14 Thermidor (1er août 1795) : les citoyens Martin Connesson, garde magasin des vivres de la ville et Pierre Besnier, administrateurs du District, obtiennent un certificat de civisme
15 Thermidor (2 août 1795) : le citoyen Jacques Aunet est accusé d’avoir « encloué » (??) les canons de Châteaubriant et en conséquence d’avoir voulu par cette action favoriser les ennemis de la République. Le citoyen François Ignace Janvier est appelé à témoigner à Nantes devant le tribunal criminel de la Loire Inférieure, mais il refuse de s’y rendre, parce que, vu le retard du courrier, « il n’a pas un délai suffisant pour s’y rendre » et il ajoute « qu’il ne s’y rendrait pas sans escorte, attendu que les routes sont infestées de brigands qui pillent, vollent et assassinent les passants et que, de plus, témoigner dans cette affaire lui fait appréhender la vengeance des chouans ». Quatre autres citoyens font une déclaration similaire à la municipalité.

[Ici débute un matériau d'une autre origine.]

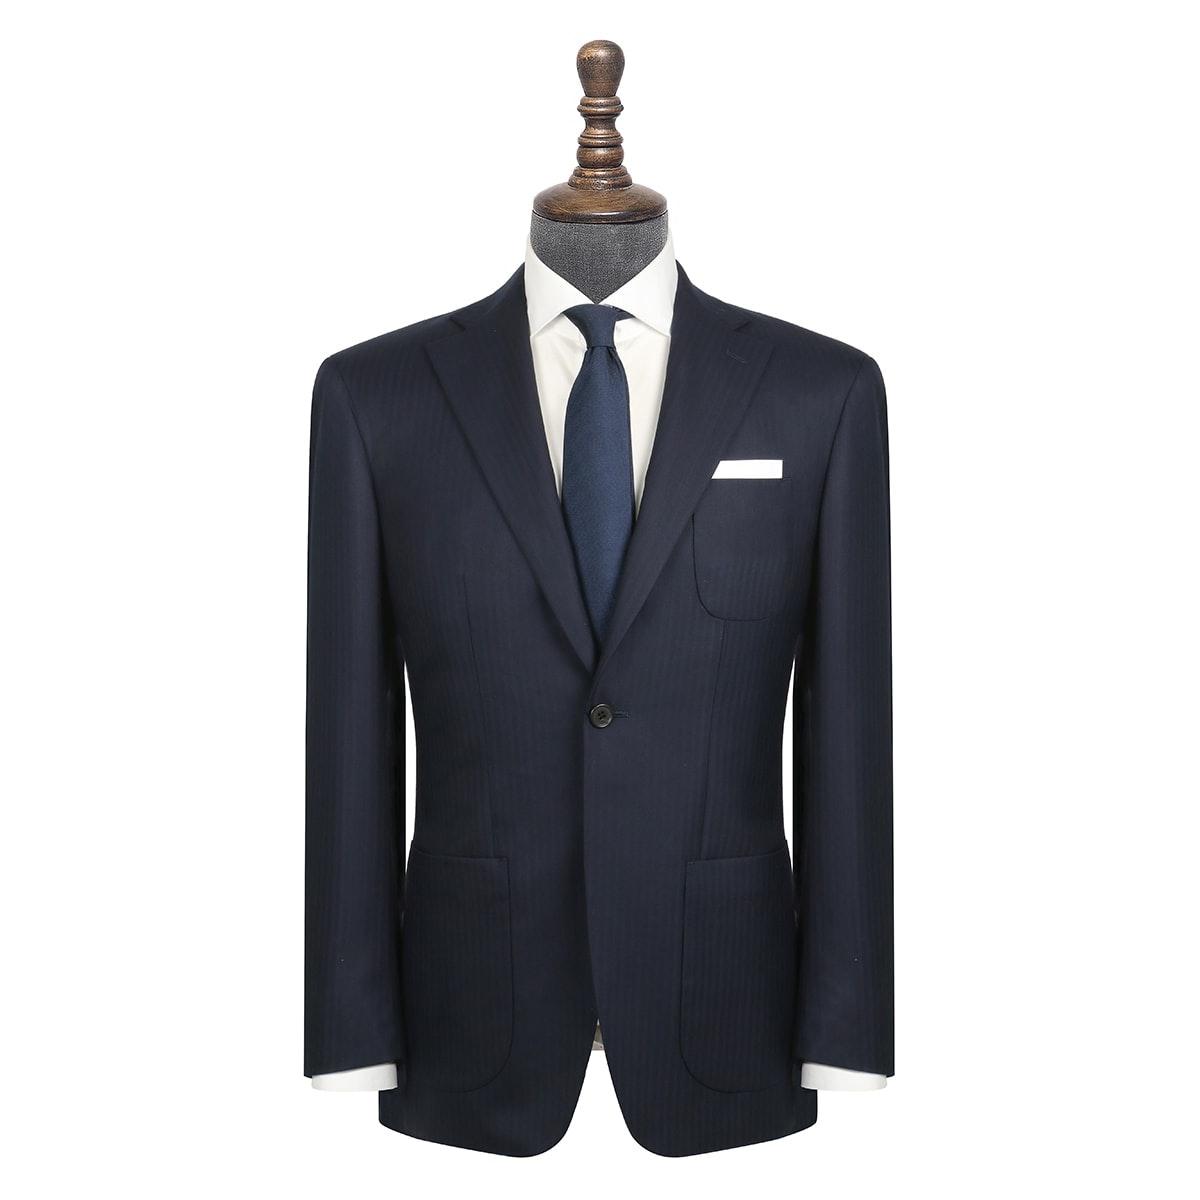 InStitchu Collection Kinfolk Navy Herringbone Wool Jacket

Le même jour, le chef vendéen Charrette, qui a été battu par le général Hoche à Quiberon le 21 juillet dernier, fait assommer ses prisonniers républicains (200 à 300 soldats). La nouvelle, sitôt connue à Châteaubriant, n’est pas faite pour rassurer.

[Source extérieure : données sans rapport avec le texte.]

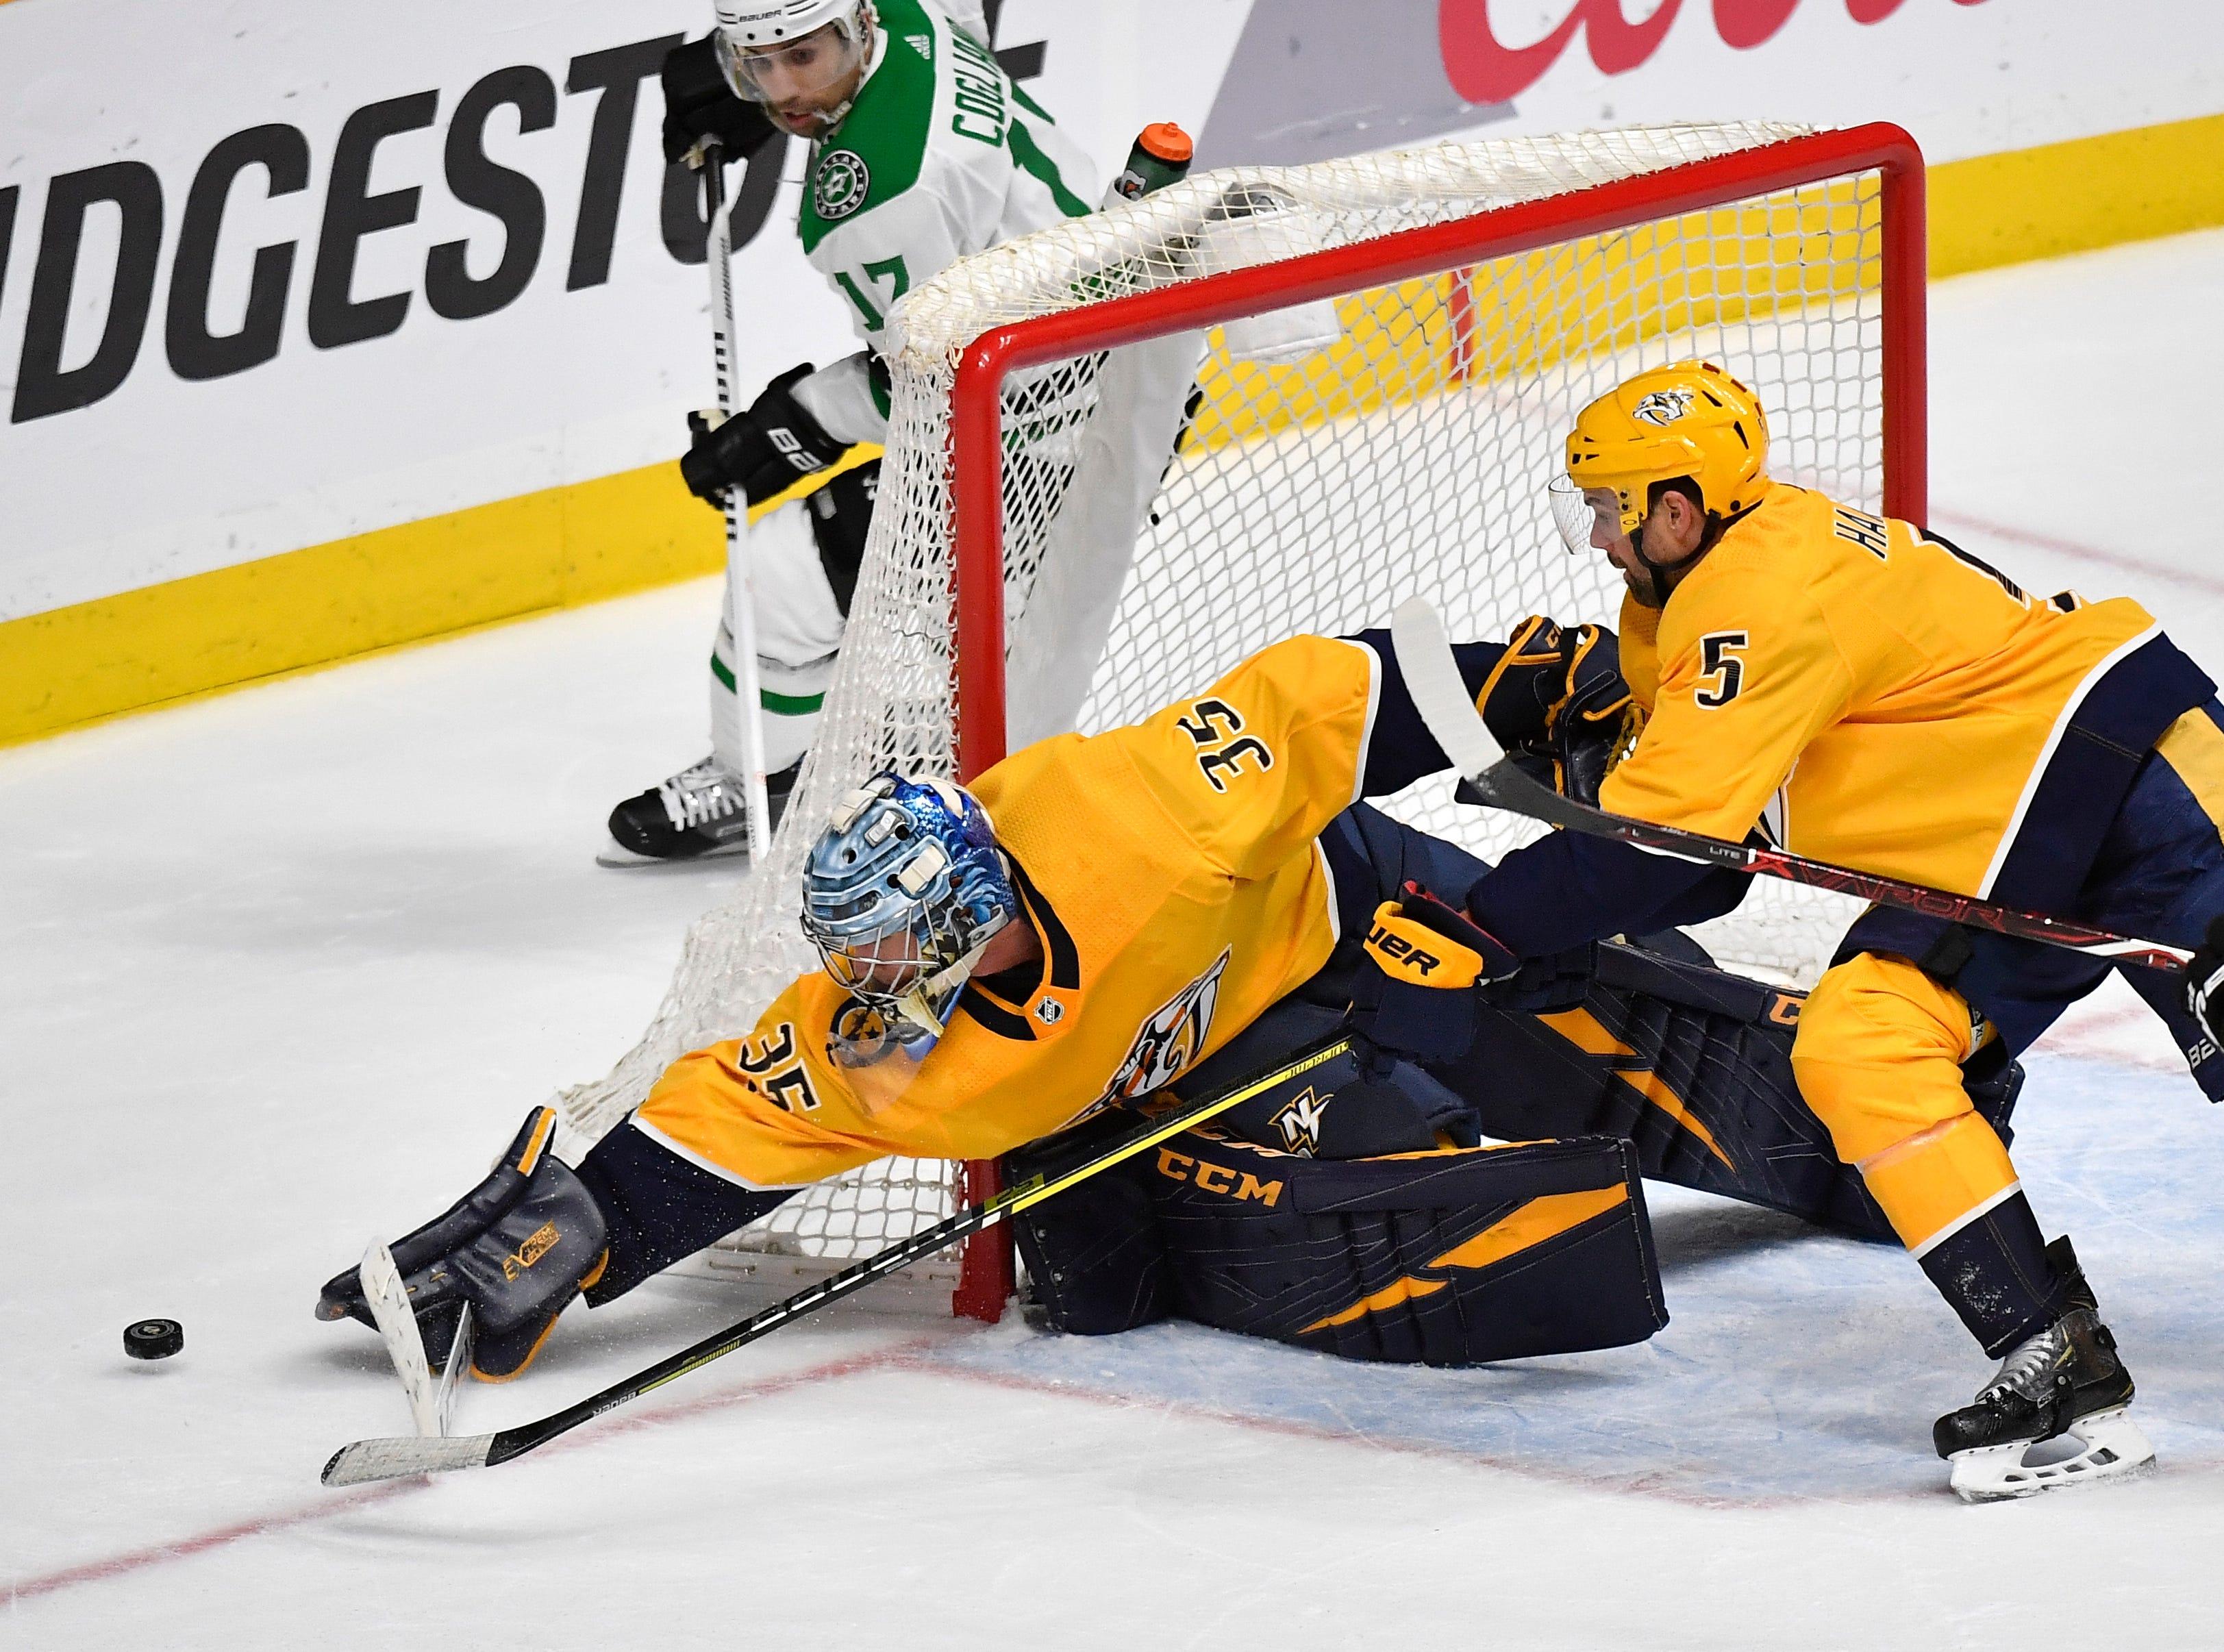 Nashville Predators goaltender Pekka Rinne (35) plays the puck wide during the first period of the divisional semifinal game at Bridgestone Arena in Nashville, Tenn., Saturday, April 13, 2019.

18 Thermidor (5 août 1795) : le citoyen Pierre Jarril, fermier du moulin à vent de la Garenne, constate que ce moulin a été mis hors d’état de servir par des brigands.
18 Thermidor (5 août 1795) : les certificats de civisme sont supprimés
19 Thermidor (6 août 1795) : la force armée a trouvé, sur la Lande du Bois Hamon, les voitures de quatre citoyens « de Louisfert, de l’Aubinais, de la Cocquerie et de la Courbetière » chargées du foin volé il y a quelques jours. La municipalité estime que, en un temps ordinaire, elle tiendrait les propriétaires de ces charrettes pour complices du vol. « mais dans la situation où se trouve ce pays occupé par les chouans, il en faut juger autrement.Quelque opposition ou quelque répugnance que ces habitants puissent témoigner à toutes ces horreurs, la certitude de la mort s’ils ne laissent pas tout prendre au gré des chouans, d’autre part le deffaut de moyens de s’opposer à leurs pillages, rend leur position très critique et très embarassante ». La municipalité décide donc de rendre leurs charrettes à leurs propriétaires car « il est de la dernière conséquence que ces habitants s’adonnent à leurs travaux agricoles. L’interret public le leur commande impérieusement et le comble de malheur naîtrait de l’abandon de la culture ».
22 Thermidor (9 Août 1795) : il est question de la désignation d’un garde champêtre à Châteaubriant comme dans toutes les communes de la République. (en vertu de la loi du 20 messidor, 8 juillet 1795). En fait la municipalité de Châteaubriant en désigne trois, « attendu la difficulté de parcourir les campagnes qui sont occupées par les chouans ».
Elle décide aussi de faire inscrire aux quatre portes de la commune l’injonction suivante : « Citoyen, respecte la propriété et les productions d’autrui. Elles sont le fruit de son travail et de son industrie »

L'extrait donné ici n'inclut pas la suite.